General treatment for nonspecific acute infectious tendovaginitisprovides for the fight against infection, for which the use of pritovobakterialnye funds, as well as measures to strengthen the body's defenses. Whentubercular tendovaginitisanti-tuberculosis drugs (streptomycin, ftivazid, PASK and others) are used. General treatmentaseptic tenosynovitisimplies the use of non-steroidal anti-inflammatory drugs (aspirin, indomethacin, butadione).

Local treatmentin both the infectious and the aseptic tenosynovitis in the initial stage is reduced to ensuring the rest of the affected limbs (in the acute period of tenosynovitis are immobilized with gypsum lintet), the use of warming compresses. After it is possible to achieve the subsidence of acute phenomena, physiotherapeutic procedures (ultrasound, UHF, microwave therapy, ultraviolet rays, hydrocortisone and novocaine electrophoresis), physiotherapy exercises.With a purulent tendovaginitis, the vagina of the tendon and the purulent swelling are urgently opened and drained.Whentubercular tenosynovitislocal injection of streptomycin solution, as well as excision of affected synovial vaginas.

ATtreatment of chronic tendovaginitisapply the aforementioned methods of physiotherapy, as well as prescribe paraffin or ozocerite applications, massage and electrophoresis of lidase; classes of physiotherapy exercises.

If the chronic infectious process progresses, punctures of the synovial vagina and administration of antibiotics of directed action are shown.

With chronic aseptic tendovaginitis non-steroidal anti-inflammatory drugs are used, local administration of glucocorticosteroids (hydrocortisone, methipred, dexazone) is effective.

In the case of poorly treatable chronic crepitic tendovaginitis sometimes resort to X-ray therapy. In some cases, with the ineffectiveness of conservative therapy of stenosing tendovaginitis, surgical treatment is performed (dissection of narrowed channels).

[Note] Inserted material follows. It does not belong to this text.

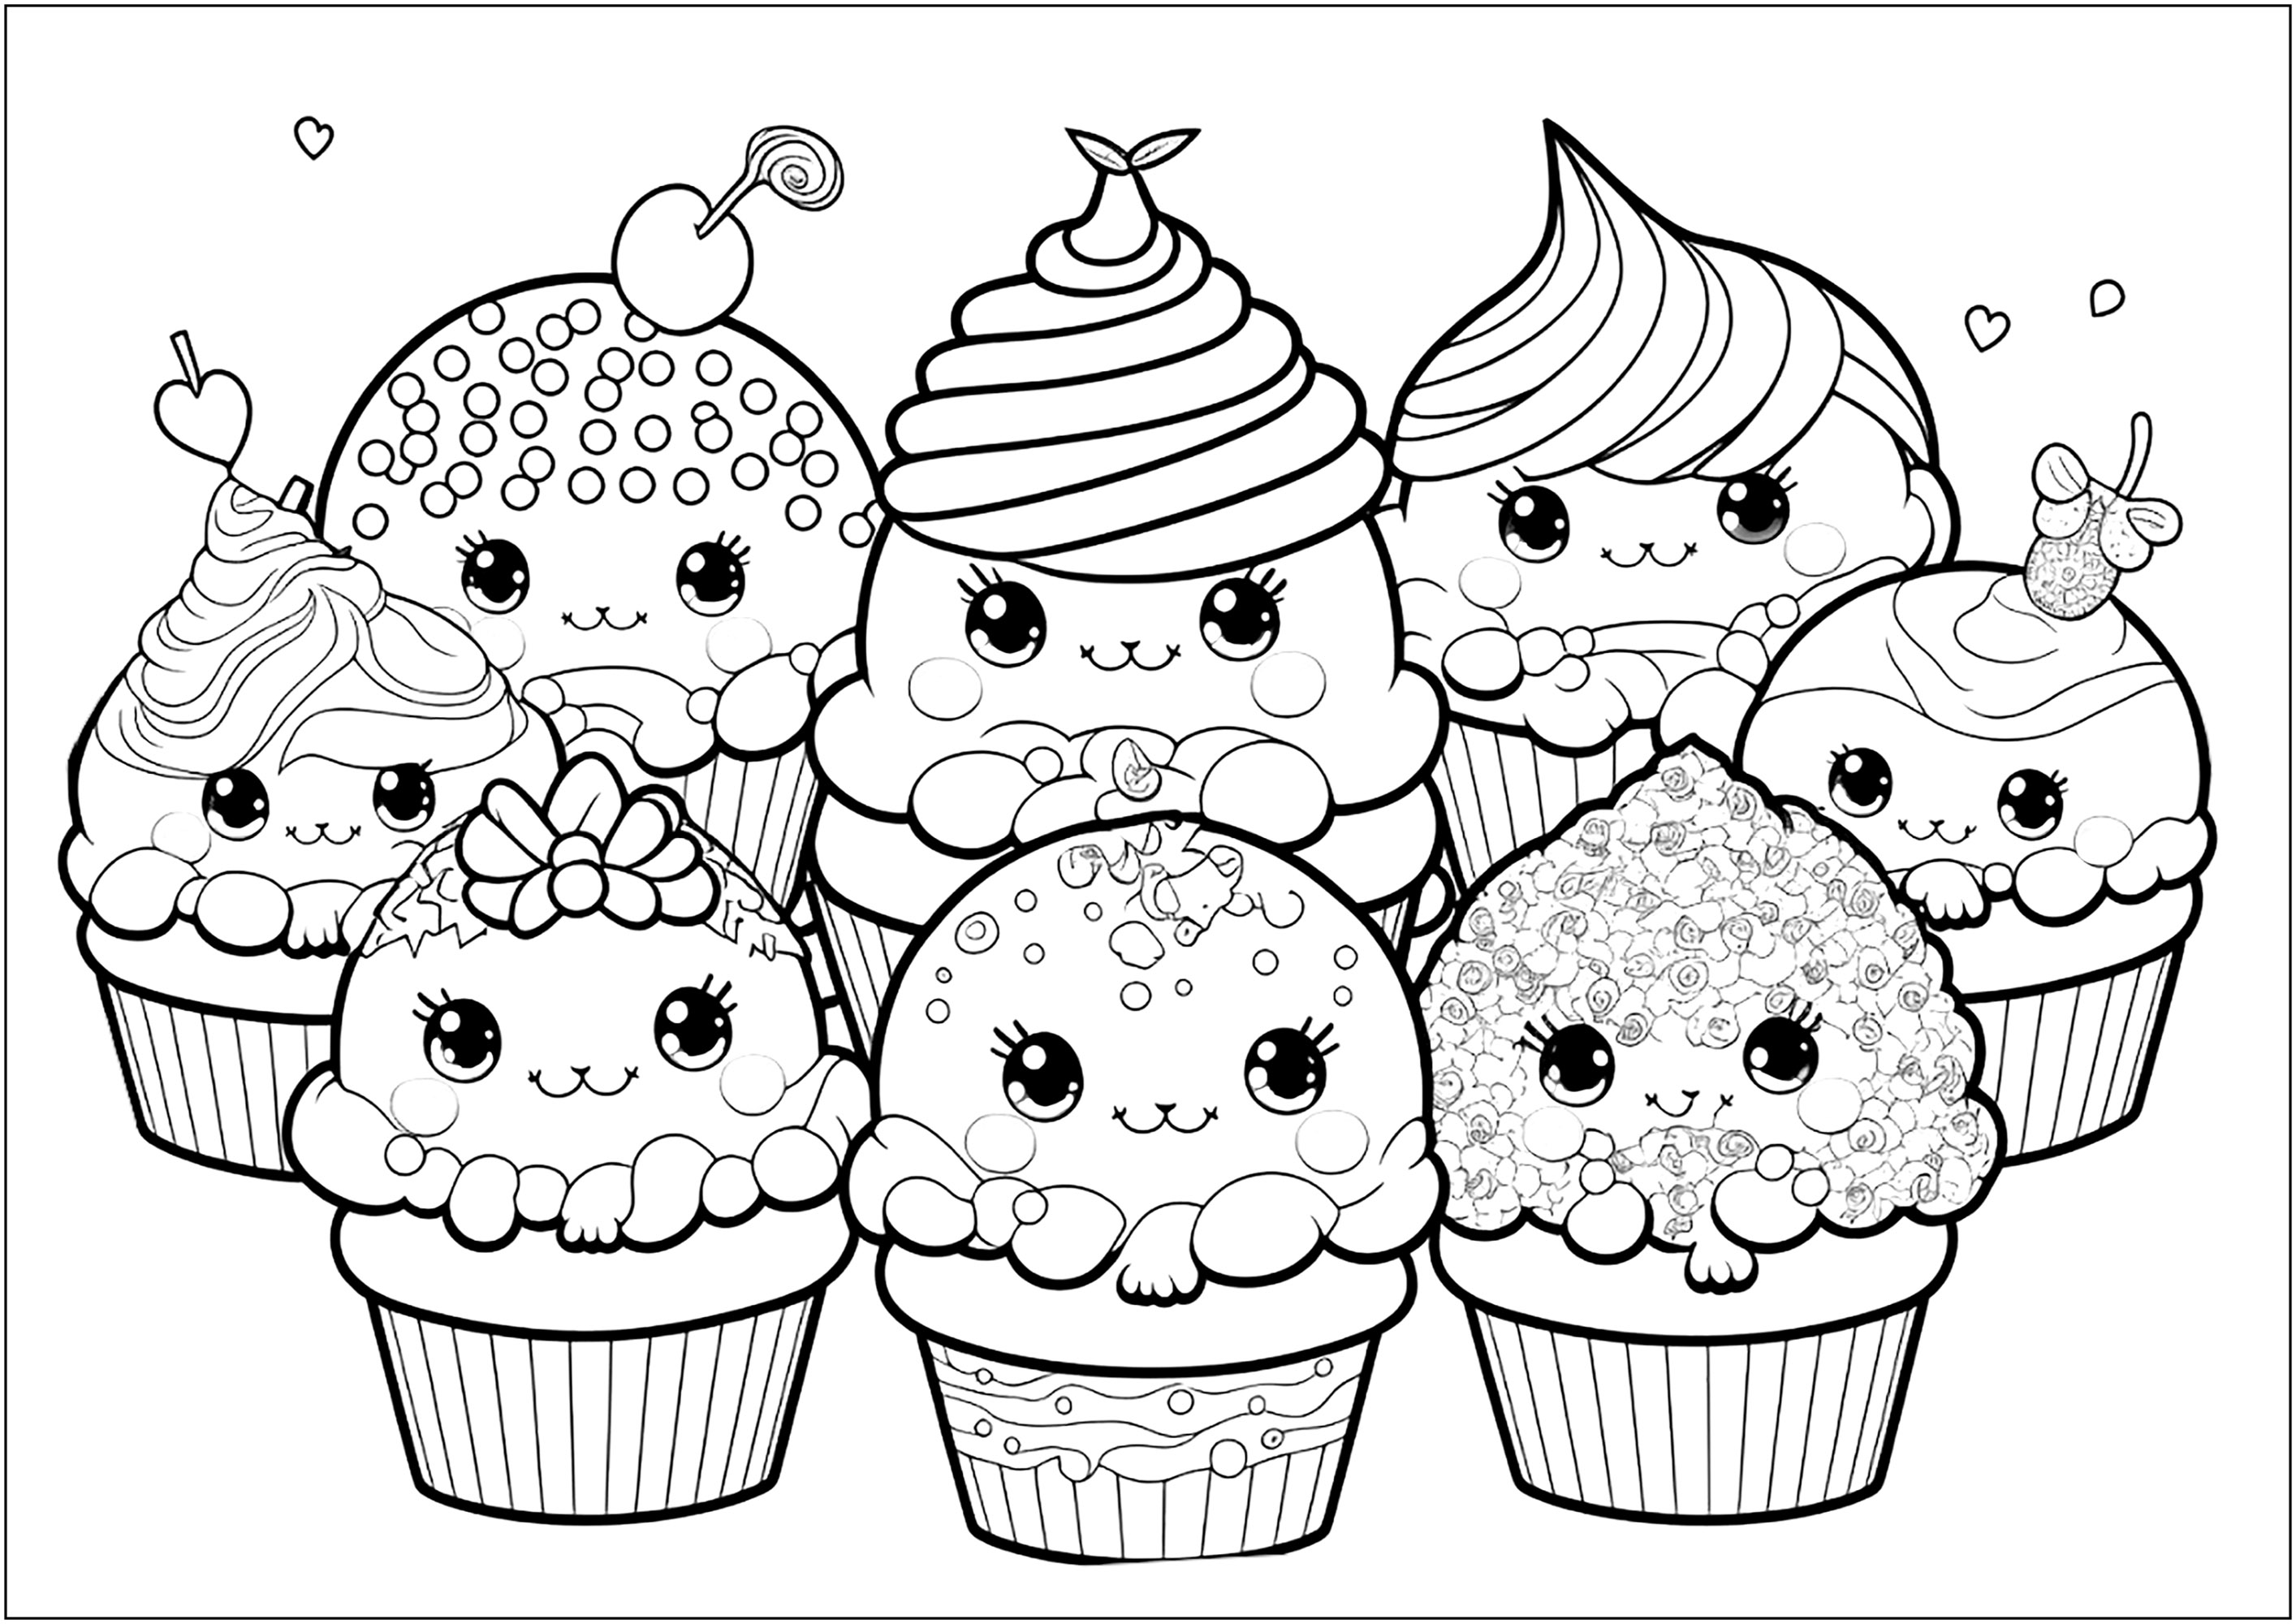 Simpáticos cupcakes con caras sonrientes inspirados en personajes kawaii

Tendovaginitis accompanying rheumatic diseases, are treated in the same way as the main disease: prescribe anti-inflammatory and basic drugs, electrophoresis of non-steroidal anti-inflammatory drugs, phonophoresis of hydrocortisone.

Prognosis for tendovaginitis

In the case of timely initiated and adequate treatment, tendovaginitis is characterized by a favorable prognosis. However, with purulent tendovaginitis, persistent violations of the function of the affected hand or foot can sometimes remain.